Reflections of 9-11: A Journey From Hate to Hope


image source: http://theinspirationroom.com/daily/2011/911-reflection/ (modified by RO)

By: Adam Bates
M4L Guest Contributor
September 11, 2015

“Never Forget, Never Again.”

14 years ago I was sitting in my classroom in Oklahoma watching the coverage. We had been told (in typical public school fashion) that a plane had crashed in NYC, but that we were to continue classes and not turn on the TVs. My science teacher ignored the command, and rigged a TV antenna out of a paper clip and a hanger so we could watch.

When it became clear what had happened, I immediately hated these people, the rest of the followers of the heathen religion they claimed, and whatever part of the world spawned them. I wished sincerely for a meteor to hit those animals out celebrating in the streets. Those dead Americans could have been my family, my friends. They were my countrymen, and that was damn near the same thing. Watching George W. Bush straddle the rubble and declare a jihad of his own filled me with so much pride and adrenaline I think I cried.

I maintained that hate for the next several years, knowing in my heart and soul that my country was hated and attacked for standing up for freedom. I cheered the passage of the PATRIOT Act and called dissenters traitors, whiny liberals, and terrorist sympathizers. I supported Gitmo. I insisted that waterboarding wasn’t torture and that, even if it was, it was acceptable in the name of national security (I suspect there’s still evidence of this online if you look hard enough, and I know, shamefully, that there are people reading this who can vouch for it).
I watched the invasions of Afghanistan and Iraq as if they were the coolest things in the world. I spent summer 2002 at the Naval Academy (only a recruiting visit to Miami eventually convinced me I didn’t want to go to Annapolis), planned to become a Marine, and decided I wanted to study Arabic to help Uncle Sam destroy our enemies.
Then I left Oklahoma for college in Miami. Through my Arabic and regional studies classes I met Muslims for the first time in my life (many of whom I remain friends with today), and it got harder and harder for my preconceptions to hold. I kept waiting for their innate hatred of me as an American and of freedom generally to reveal itself. Still waiting. I needed only the slightest modicum of proof to confirm once and for all that al-Qaeda wasn’t “radical,” just Muslim. Still waiting for that too.

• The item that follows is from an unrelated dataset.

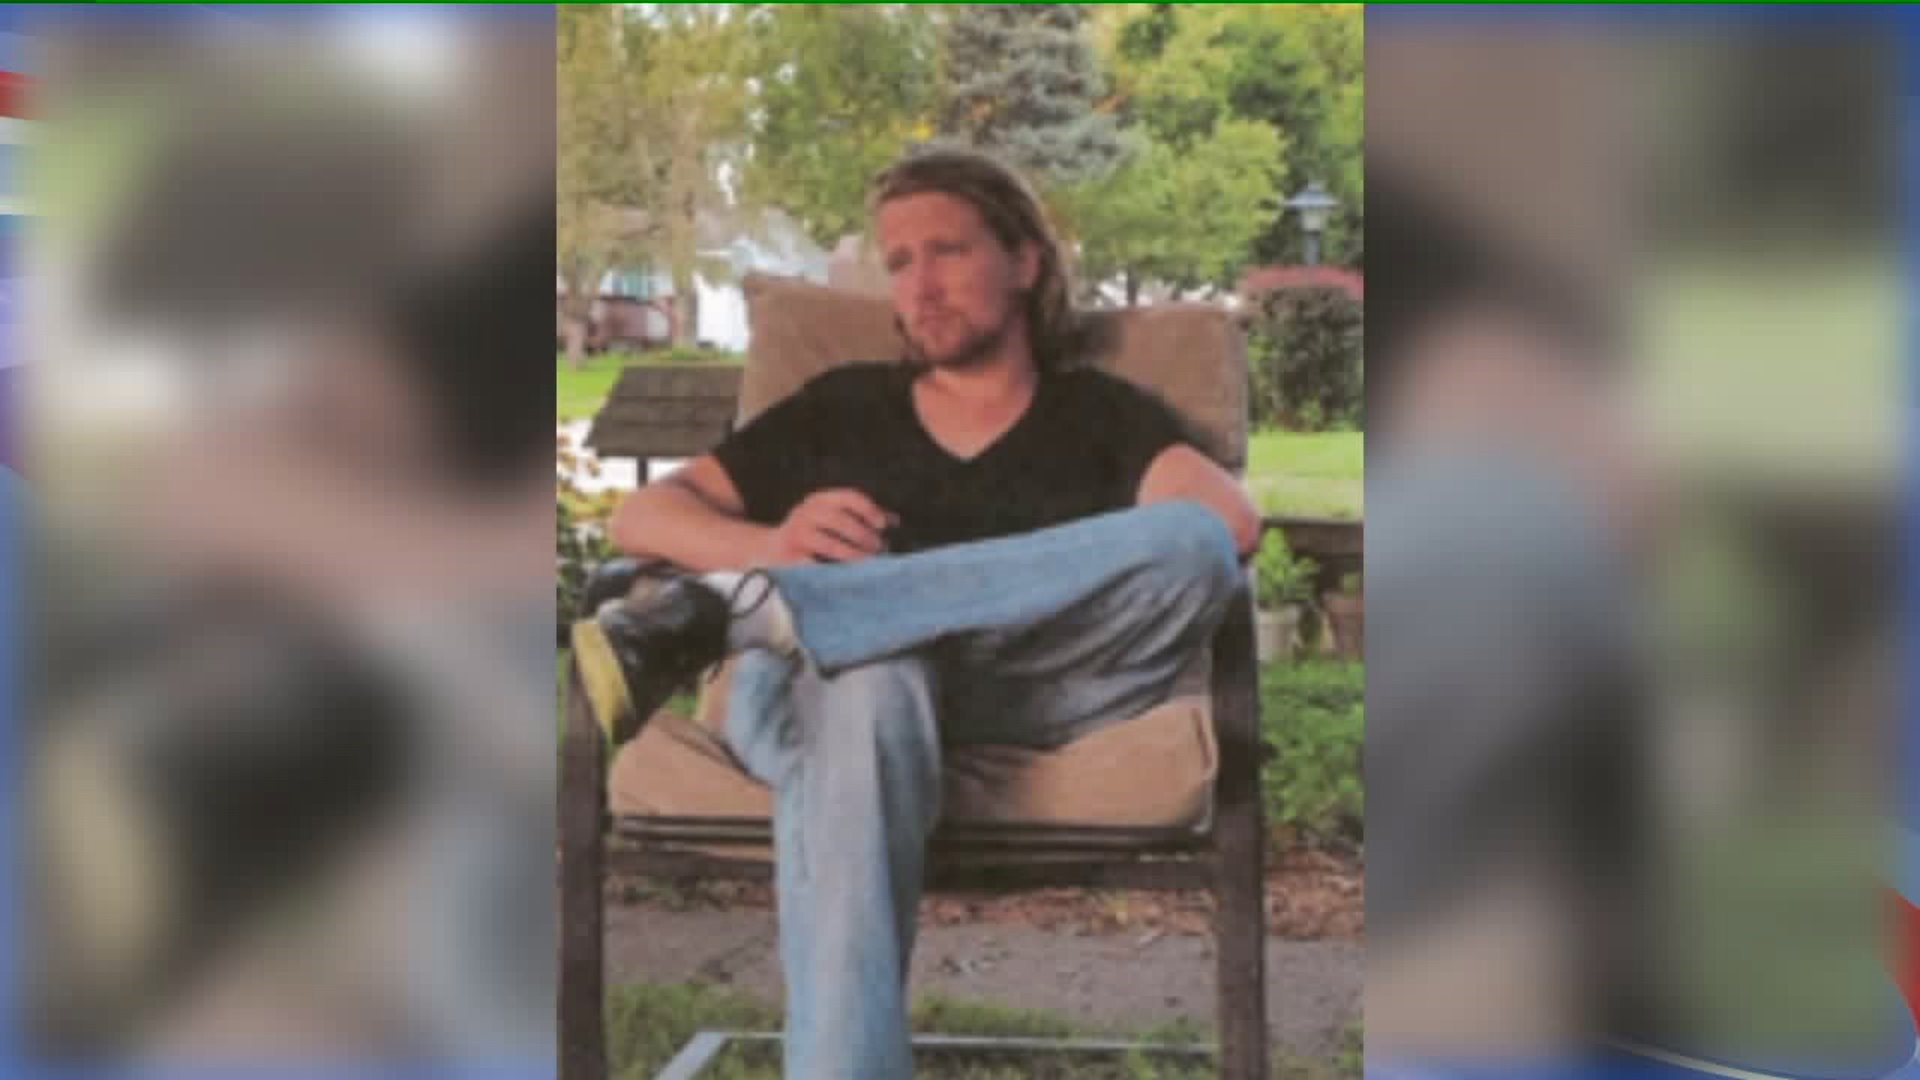 Disappearance of 22-year-old Bettendorf man

I took a class on national security taught by a 28 year veteran of CIA operations, expecting it to reconfirm what I thought I knew. I explained my thoughts to the professor after the first class (suck up). After the second, he handed me a copy of Steve Coll’s “Ghost Wars,” on the history of the U.S. in Afghanistan, and told me to read it. I did. Then I started reading about U.S. history in Iran. Iraq. Somalia. Lebanon. Palestine. Egypt.

Everything I knew about the world, about American exceptionalism, about our government’s innocence, about the righteousness of my indignation, was bullshit. Everything on which I had built my identity as an American was a lie.

So I started over, with the Declaration of Independence, the U.S. Constitution, and an open mind. A few months later a guy named Ron Paul participated in a debate on Miami’s campus, and the rest is history.
So, if you’ve stuck it out this far, I’d like to mark this anniversary with this, in the tone and vocabulary of my 16 year old self: fuck you, bin Laden, for what you did to those people and thousands of others around the world, and for the monster you brought out of me. Fuck you, U.S. government, for exploiting my ignorance in order to justify the most supreme evil around the world. And lastly, fuck me for all those awful things I advocated, and the even more awful things I thought in my ignorance.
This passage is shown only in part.